La jeune femme de 19 ans, aux yeux écarquillés, portait une robe à sequins Kaufmanfranco à épaules dénudées. Elle est arrivée sur le tapis rouge dans une calèche en forme de citrouille.
Jusqu’alors, Swift était une auteure-compositrice-interprète country qui s’orientait vers la pop, renforcée par le succès de son deuxième album, « Fearless », qui a remporté le prix de l’album de l’année aux Grammy Awards et a donné naissance à des tubes tels que « Love Story » et « You Belong With Me ».
« Taylor jouait souvent le rôle d’une demoiselle en détresse ou d’un intérêt romantique négligé en utilisant des costumes de théâtre », écrit Sarah Chapelle dans « Taylor Swift Style » – qui sortira le 8 octobre – un spin-off de son compte Instagram populaire du même nom.
À l’approche des VMA de cette année et de l’anniversaire, Swift va-t-elle riposter en sortant la tant attendue « Taylor’s Version » de son album de revanche contre West, « Reputation », pour marquer l’occasion ?
Ce n’est pas une coïncidence si plusieurs livres sur Taylor Swift – dont « Heartbreak Is the National Anthem: How Taylor Swift Reinvented Pop Music » (12 novembre) du journaliste de Rolling Stone Rob Sheffield, « Long Live: The Definitive Guide to the Folklore and Fandom of Taylor Swift » de Nicole Pomarico, « Invisible Strings: 113 Poets Respond to the Songs of Taylor Swift » édité par Kristie Frederick Daugherty (tous deux le 3 décembre) et un livre cadeau Hearst Home (1er octobre) – sont publiés à l’occasion du 15e anniversaire de la date à laquelle West a déclaré l’avoir rendue célèbre, selon les paroles de sa chanson « Famous » de 2016. La vidéo virale du morceau mettait en scène des figures de cire nues de Taylor Swift, West, sa femme de l’époque Kim Kardashian, Donald Trump et d’autres personnes au lit ensemble. Pour paraphraser Sheffield dans « Heartbreak Is the National Anthem », West et Trump ne sont que deux des « hommes qui l’ont choisie et en ont fait une quête personnelle ». Trump a récemment publié une fausse lettre de soutien présidentielle de la chanteuse.

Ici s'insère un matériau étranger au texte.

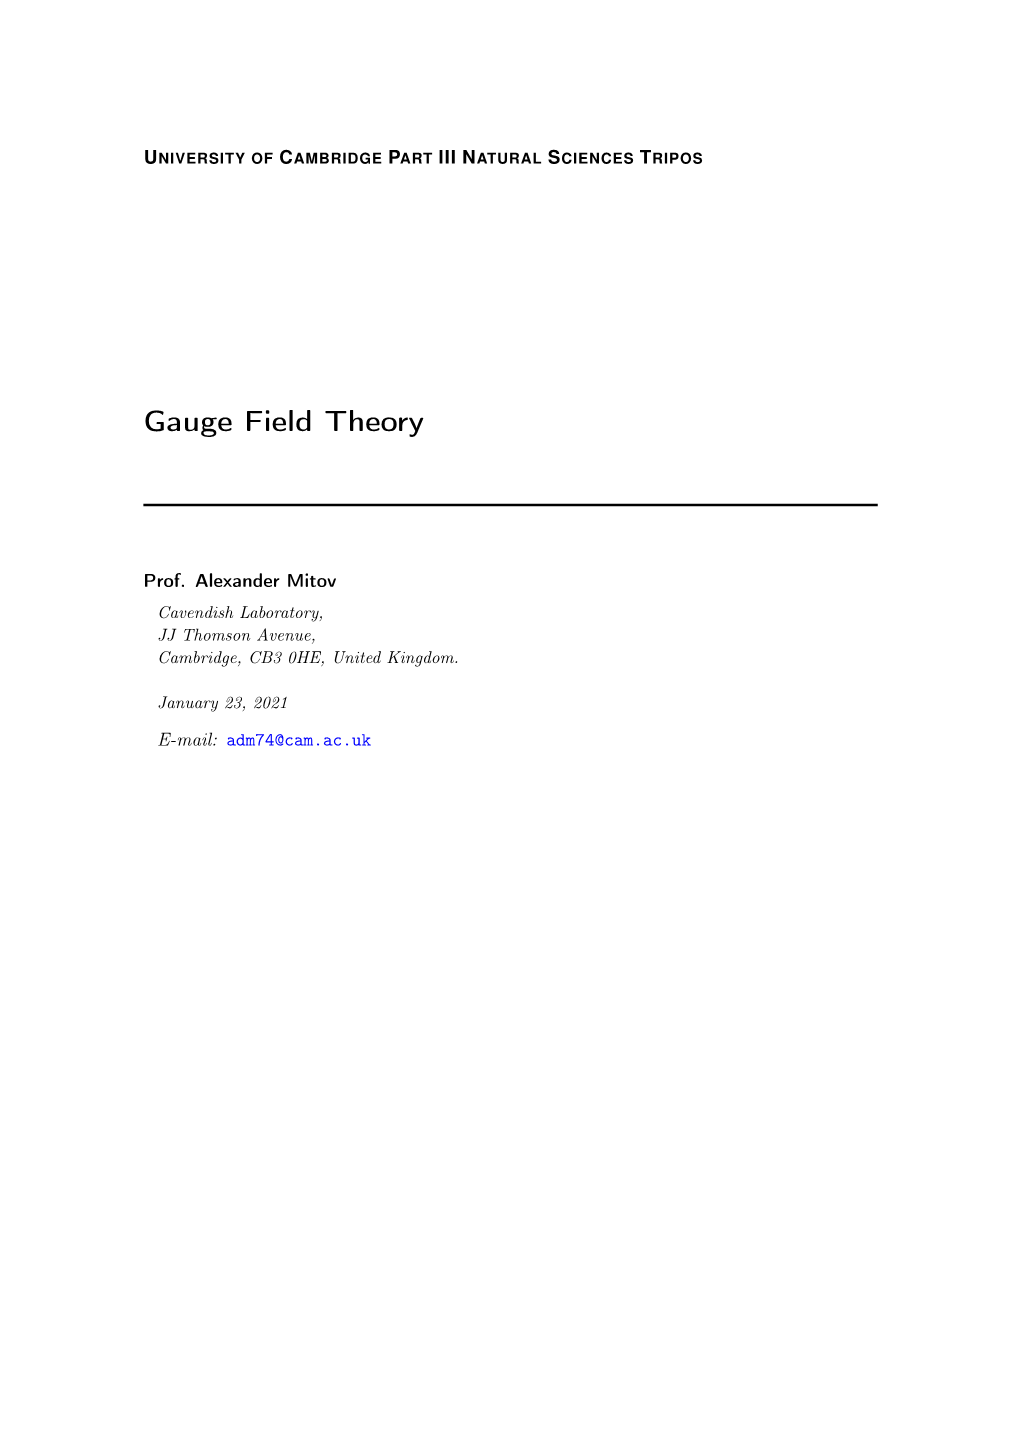 Gauge Field Theory

Depuis que la décision, en état d’ébriété, de West de s’immiscer dans la fête de Swift cette nuit fatidique de 2009, l’a catapultée vers un nouveau niveau de gloire (« Qui a remporté le prix de la meilleure vidéo féminine l’année avant Swift, ou l’année d’après ? », demande Sheffield dans le livre), ils ont été continuellement, souvent involontairement, liés d’une manière ou d’une autre.
Lors des MTV VMA de l’année suivante, Swift a interprété la chanson « Innocent » dans laquelle elle pardonnait ostensiblement à West d’avoir simultanément gâché son moment et élevé son statut.

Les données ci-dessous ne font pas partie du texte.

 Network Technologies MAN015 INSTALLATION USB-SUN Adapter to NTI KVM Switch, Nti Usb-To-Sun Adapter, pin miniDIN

En 2015, il semblait que les deux avaient enterré la hache de guerre, et dans un retournement de situation ironique, elle a remis à son « ami » West le Video Vanguard Award aux VMA. Swift était au sommet du succès de son premier album pop à part entière, « 1989 », et était, de l’avis général, surexposée. Elle a déclaré NME magazine en octobre 2015 : « Je pense que les gens pourraient avoir besoin d’une pause loin de moi. »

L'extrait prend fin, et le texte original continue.